Since the memory of that class haunted him for the next five years, no one was more surprised than Lee when he picked up a camera one day and started shooting photos to illustrate a series of lectures for his junior-high students. “I’d always loved the outdoors” he explains, “and I was involved in environmental education. So I began photographing the Skagit Valley – subjects such as how trees are logged, what a volcanic crater looks like inside – and my collection of slides evolved into a television documentary.”

The turning point came when Lee entered a photo contest at age 28. “I shot a picture of a barefoot water skier and won first prize,” he recalls.
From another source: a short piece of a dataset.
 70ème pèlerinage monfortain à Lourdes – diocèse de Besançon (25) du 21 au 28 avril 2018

The next thing he knew he tossed away his teaching career as he’d tossed his camera years ago, and made up his mind to become a photographer.


Aug 10, 2010 H Joyce
by: Michael

The battery is very good. I don’t know how many pics you get from one charge but it must be thousands or a very large number.
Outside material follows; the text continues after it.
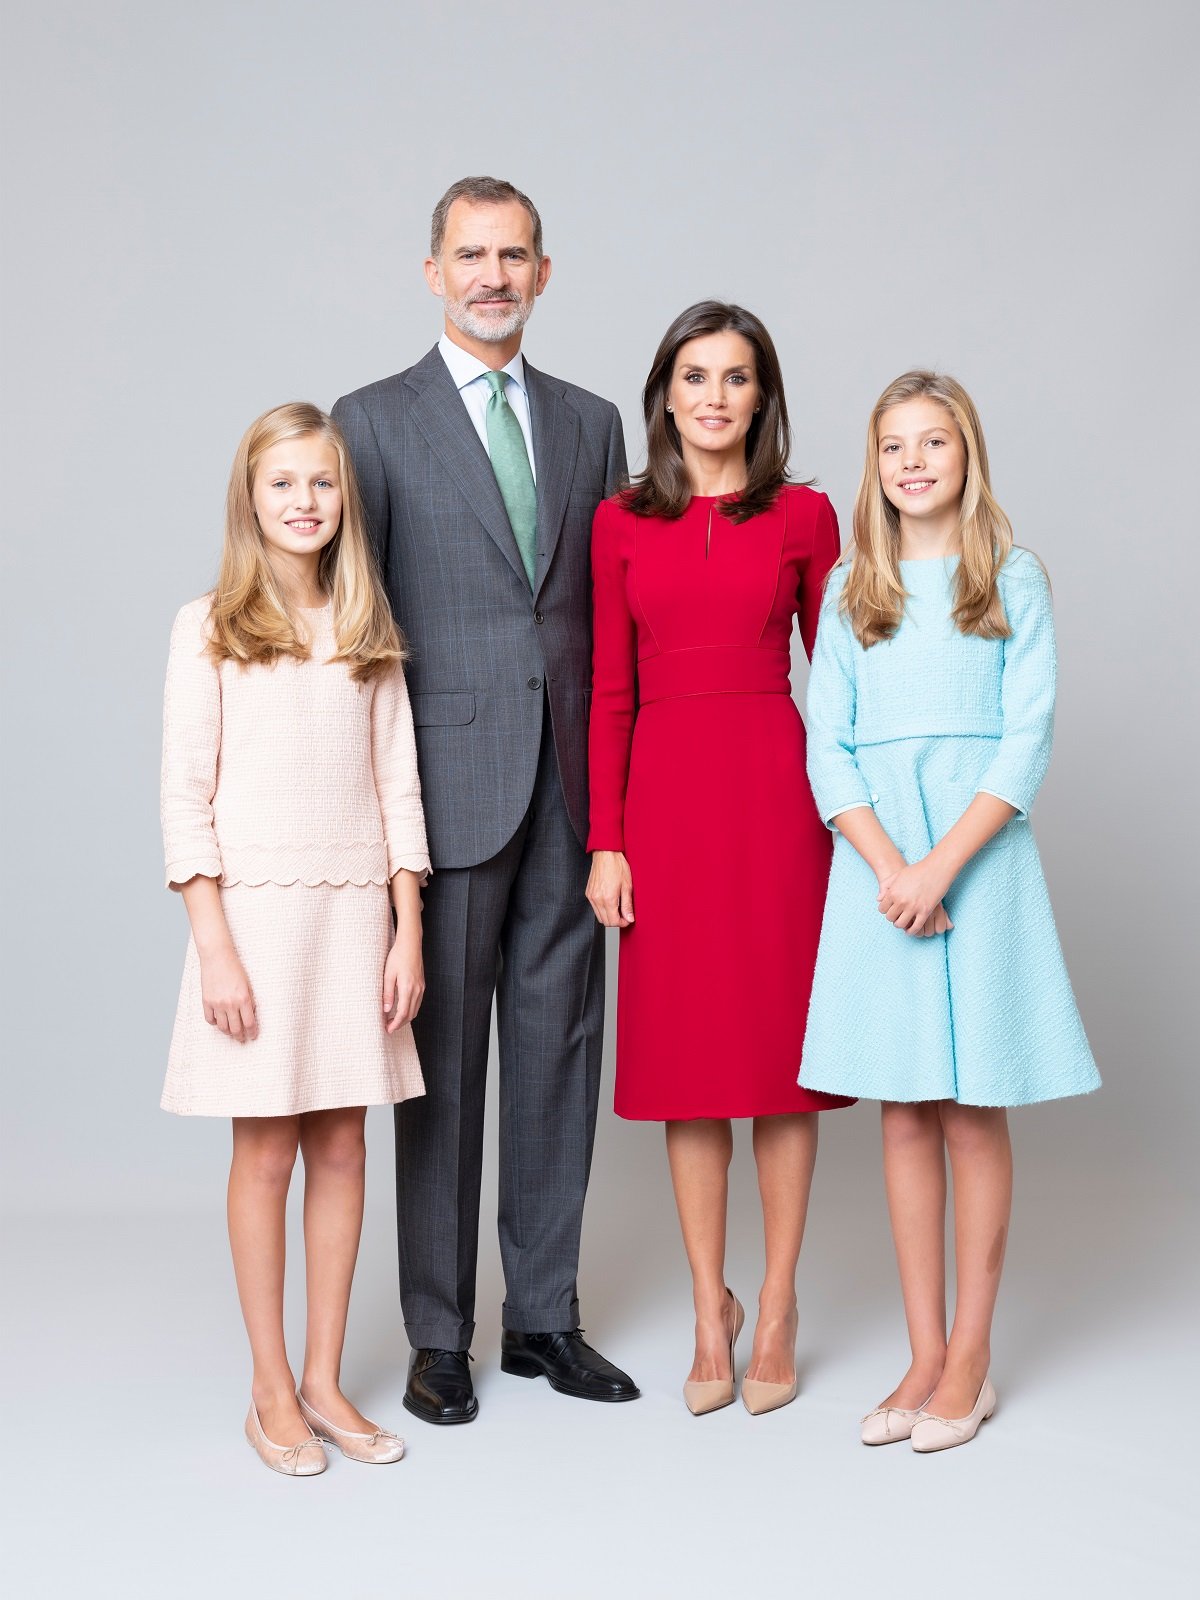 Fotografía oficial de la familia real, 20 de febrero de 2020. | Foto: Getty Images

As you say expensive cameras don’t take good photos – we do, but this camera deals with challenging light so effortlessly that it makes getting the photo that much easier.

It helps the photographer get the photograph, which is what I find so pleasing.


Aug 09, 2010 While we’re on the subject
by: Joyce Sammons

Thank you Michael. I know I want that as my next camera. I have an Olympus C2500L I love. Is uses SmartMedia and CF cards. I love the quality but it’s too slow. I got it on EBay for $120 and its a $1300 camera when it was new. But it’s too slow. Both in recharge time and in shutter reaction.

My favorite I use almost 100% of the time is a Fugi FinePix S602Zoom. It ran me $42 on Ebay and works great in low light. I think it sold new for around $600. Funny how more expensive doesn’t mean better. It also has a good video camera on it. Not the best but good enough for me.

The only problem with both is battery drain. I would be better off with an AC adaptor. But I know I’d end up tripping over it.

I’d rather hear user reviews than technical any day. The guy I bought the Fugi from even called me and warned me about the battry drain before he shipped the camera. How is the battery life on your camera?